= Sigríður Ásdís Snævarr =

Icelandic diplomat

Sigríður Ásdís Snævarr (born 23 June 1952) is an Icelandic diplomat and was the first woman to be appointed as an ambassador by Iceland, serving as ambassador to Sweden from 1991 to 1996.

== Education ==
Sigríður was a fellow at Harvard Russian Research Center and holds a teaching diploma in Italian from Perugia University, a B.Sc.Econ in Economic International Relations from the London School of Economics, and a M.A. from The Fletcher School of Law and Diplomacy where she studied on a Fulbright Scholarship.

== Professional life ==
Sigríður joined the Icelandic foreign service in 1978 and started her diplomatic career in the Soviet Union in 1979 at the height of the Cold War. She served as counsellor at the embassy of Iceland in Bonn, before she broke ground being the first Icelandic woman to be appointed as ambassador, in 1991. She has served as Iceland's ambassador to Sweden, Finland, Estonia, Latvia, Slovenia, Namibia, South Africa, Mozambique, France, Italy, Spain, and Portugal. While posted in Paris she also served as the Permanent Representative to OECD, to FAO and to UNESCO during the time when Iceland had a seat on the executive board.

In 2008 Sigríður took a temporary leave of absence from the foreign service and started a private company, “Nýttu kraftinn,” to train and empower 1100 job seekers in the wake of the Icelandic banking crisis. In 2013 she published a book reflecting on her job retraining efforts.
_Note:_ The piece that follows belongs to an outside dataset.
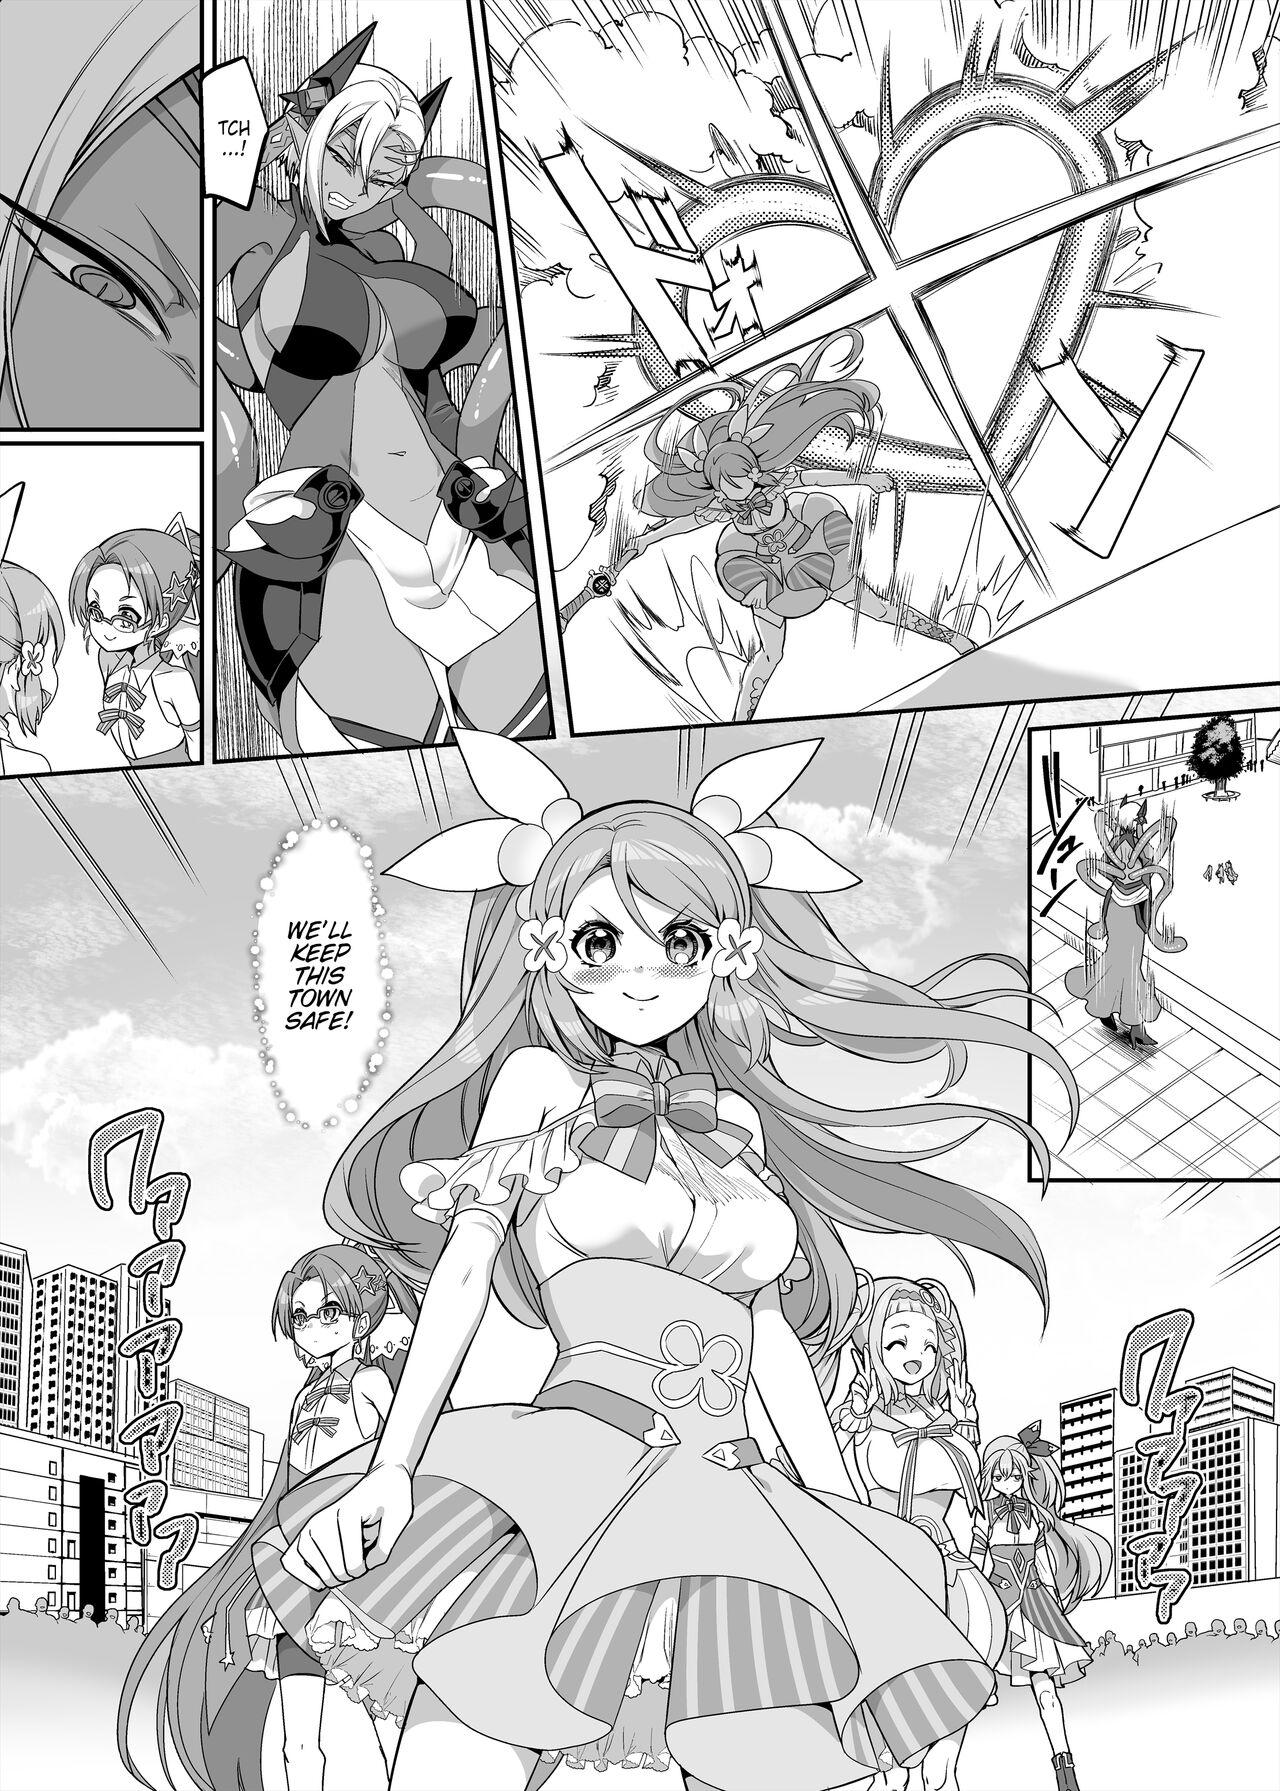 Perra Henshin Heroine Team no Zunouha de Majime de Hinnyuu no Blue | The Smart, Diligent and Flat-Chested Blue from the Team of Morphing Heroines - Original Pija - Page 3

Sigríður now trains new diplomats and coaches ambassadors before new postings. She is in the steering group guiding the future work of Icelandic diplomacy and leads a unit of home-based ambassadors in the Ministry for Foreign Affairs. Sigríður is a public speaker on topics such as gender equality. She is also on the board of the Icelandic medical imaging company Oxymap.

== Personal life ==
Sigríður is married to Kjartan Gunnarsson. They have one son born in 2007. At 55 years old, Sigríður was the oldest known Icelandic woman to give birth. Sigríður's parents were Valborg Sigurðardóttir and Ármann Snævarr. She has 4 siblings.